Лицо мисс Рейнголд исполнило психоделическое цветопредставление, которое опять завершилось машинописным белым. А потом она сказала самым тихим голосом, который я когда-либо слышал:
— Испытывала.
— Вы… вы…
— Я испытываю к вам сексуальное влечение.
— О.
Я замолчал, все силы остаточного «я» заставляли мое тело бежать к двери; только религиозная дисциплина удержала меня на диване.
— Мисс Рейнголд! — неожиданно воскликнул я. — Вы сделаете меня мужчиной? — Я сел прямо и наклонился к ней.
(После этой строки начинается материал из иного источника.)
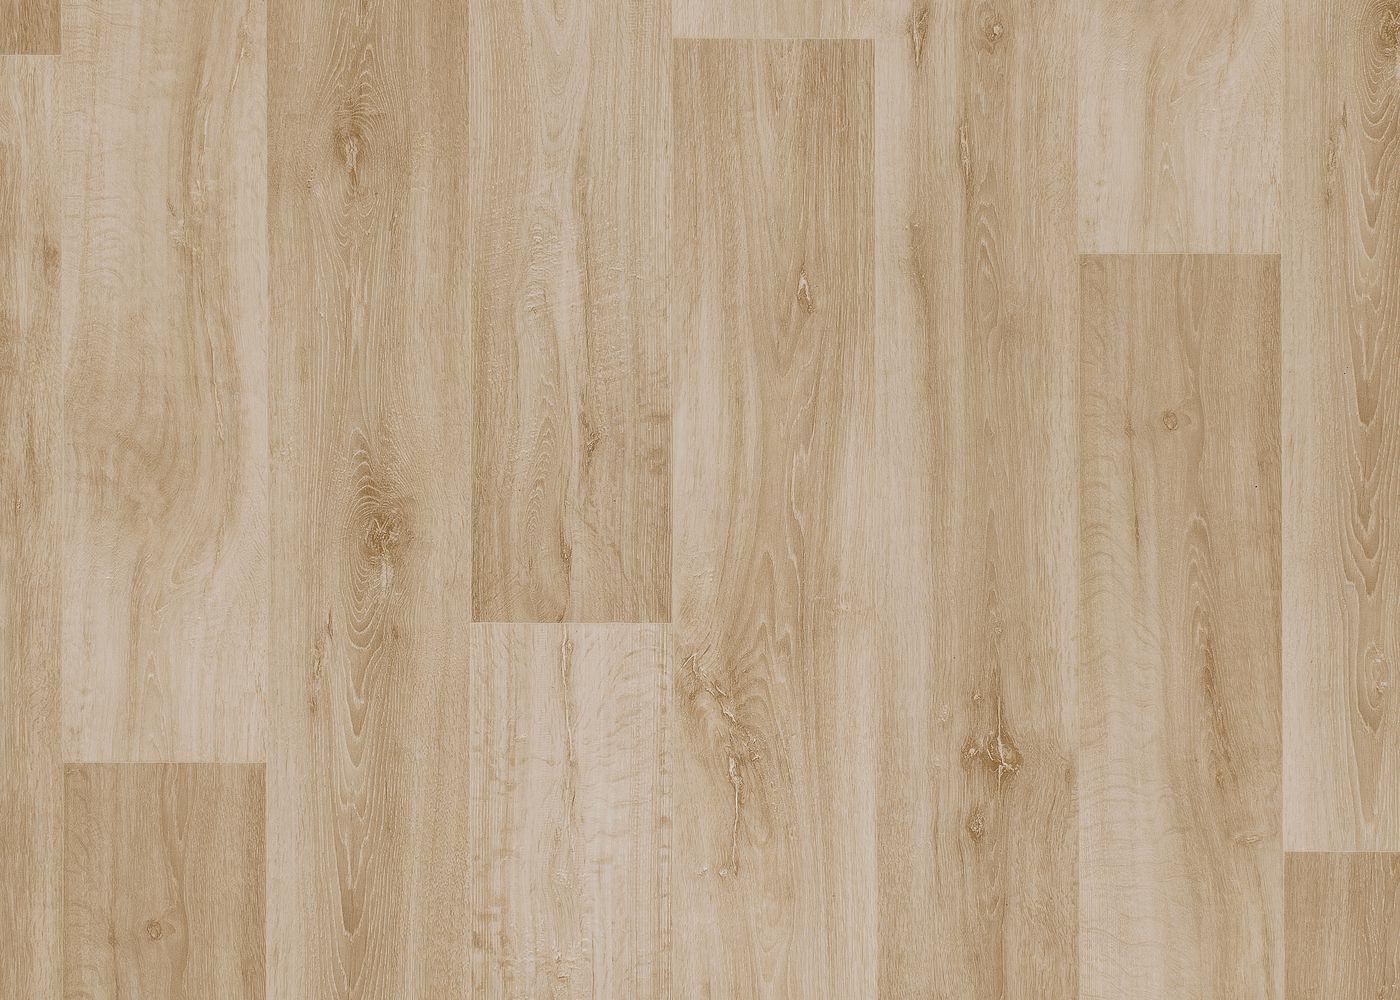 Lames vinyles passage residentiel clipsable 40 monolame g4 décor Chêne lime 963m - couche d'usure 0,4mm Passage résidentiel

Она посмотрела на меня, сняла очки и положила их на коврик рядом с диваном.
— Нет, нет, — тихо сказала она, ее глаза рассеянно смотрели на диван между нами. — Я не могу.
Вначале, впервые за всю жизнь, не продиктованную Жребием, у меня случилась импотенция. Мне пришлось голым сесть рядом с ней на кровати в упрощенную позу лотоса, не касаясь ее, и медитировать не менее семи-восьми минут. Призвав всю мощь йоги, я представлял грудь Арлин, задницу Линды Райхман и внутренние поверхности Лил, пока наконец силы не сосредоточились надлежащим образом и я не принял позу колыбели для кошки над позой трупа мисс Рейнголд и не опустился в самадхи (пустоту).